Insert directed arcs between nodes that influence one another with the direction corresponding to the natural influence believed.
H
I G
Sequence
4. Determine any conditional independencies and represent them accurately.
5. Check to see that there are no directed cycles – i.e. a connected set of arcs in a directed path that leads out of one node and back itself.
6. Check that there any decision node that occurs before a later decision node has a directed arc from the former to the latter, Similarly, a chance node known to a given decision mode must be known to a later decision node. This is a requirement of the principle of coherence (Marshall and Oliver, 1995).

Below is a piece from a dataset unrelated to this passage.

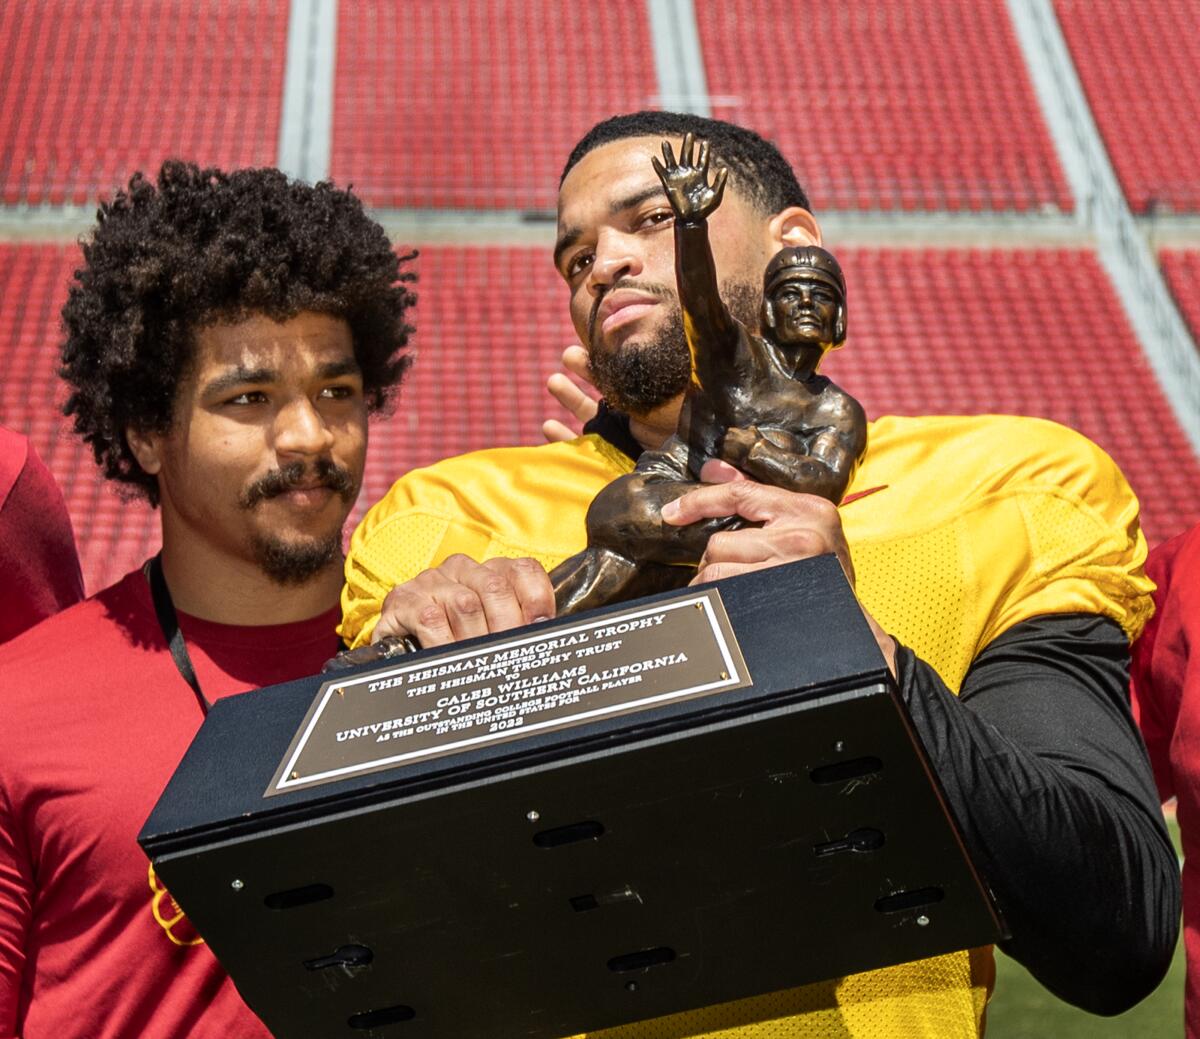 USC quarterback Caleb Williams shows off a replica of his Heisman Trophy in front of former Trojans running back Travis Dye.

This process is fairly simple and thus alternative diagrams can be easily drawn. Clemen (1996) offers some other remarks on the construction of influence diagrams. First, the nature of the arc-relevance or sequence can be ascertained by the context of the arc within the diagram. Secondly, as stated in 5 of the procedure above, an influence diagram should not contain any cycles. Furthermore, although the construction of an influence diagram may be technically correct, there is no clear cut supposition to suggest that the influence diagram constructed is the only correct one. Thus, it cannot be stated that there is a unique correct diagram but that there are many ways in which a diagram can appropriately represent a decision problem. The representation that is the most appropriate is the one that is requisite for the decision maker. That is, a requisite model contains everything that the decision maker considers important in making the decision (Raiffa and Schlaifer, 2000). Incorporating all of the important concerns1 of the decision is the only way to get a requisite model and adequate representation of the problem.